New issue
Advanced search Search tips

Issue 798784 link

Starred by 1 user

Issue metadata

Status: Fixed
Owner:
Closed: Jan 2018
Cc:
Components:
EstimatedDays: ----
NextAction: ----
OS: ----
Pri: 2
Type: Bug

Blocking:
issue 725620



Sign in to add a comment

moblab-vm: test_that continues even after timeout

Project Member Reported by pprabhu@chromium.org, Jan 3 2018

Issue description

See example build: https://uberchromegw.corp.google.com/i/chromiumos/builders/moblab-generic-vm-paladin/builds/458

The test timed out here for some reason (irrelevant for this bug)
So MoblabVMTest timed out and the RunCommand that was waiting for test_that was aborted. MoblabVMTest then went on to stop the KVM instance running the DUT.

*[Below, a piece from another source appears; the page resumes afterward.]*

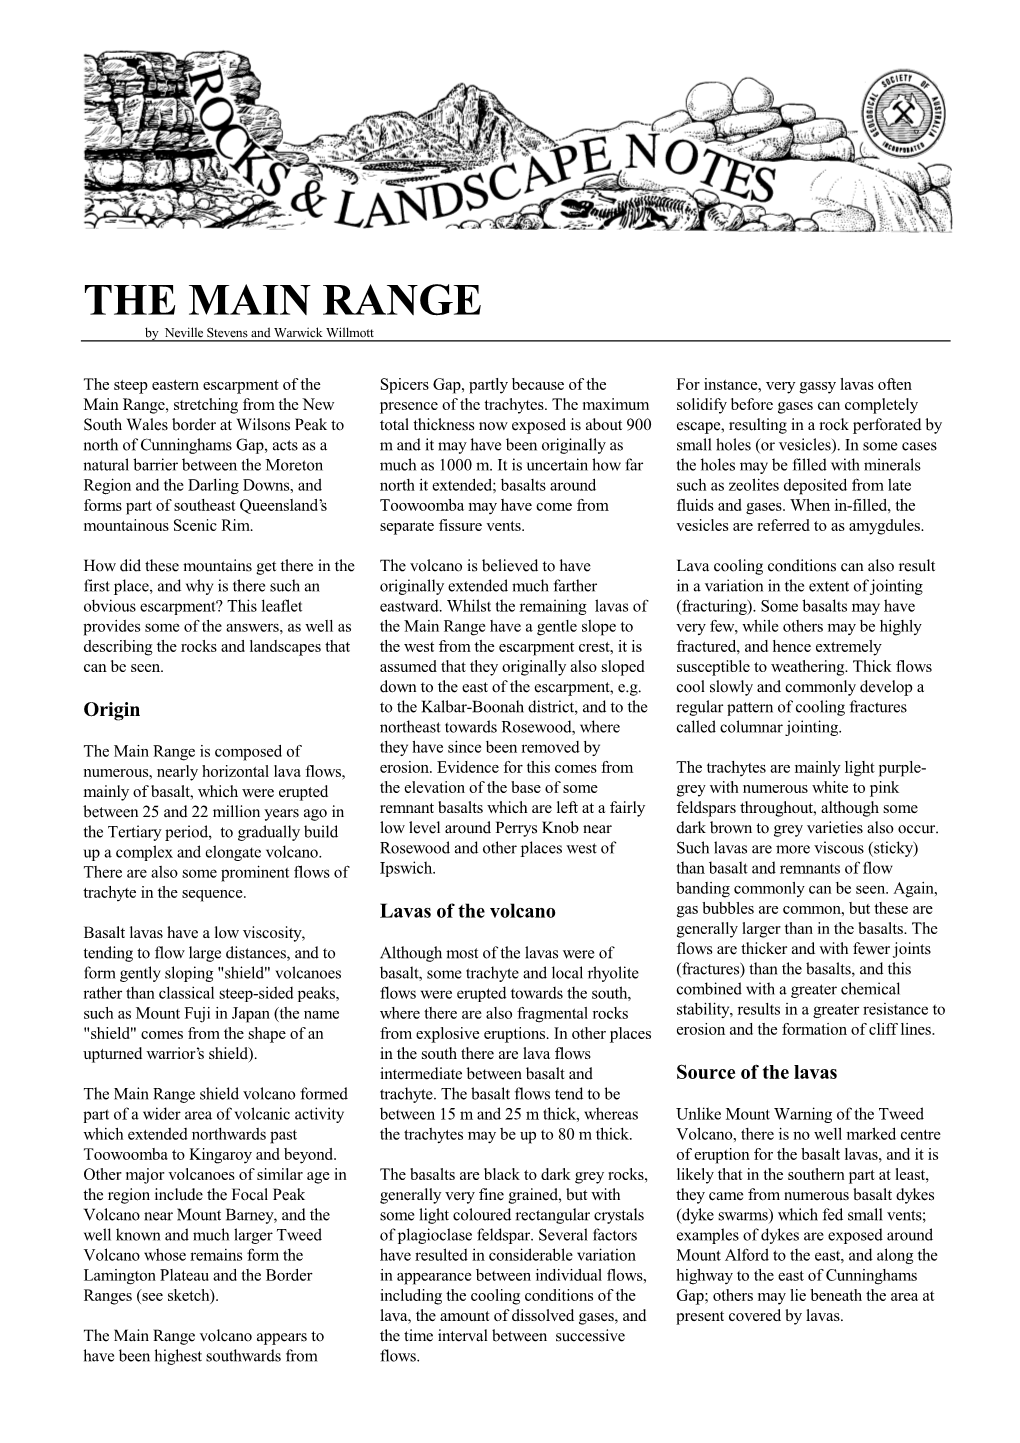 THE MAIN RANGE by Neville Stevens and Warwick Willmott

But the test_that invocation continued to run, and was stuck for ~3 minutes because it was trying to SSH into the non existent KVM DUT (brought down by MoblabVMTest already).

When RunCommand aborts, test_that should have aborted.
 
The problem here is that the implementation of cros_sdk involves one or more process forks that don't properly forward SIGTERM to their children.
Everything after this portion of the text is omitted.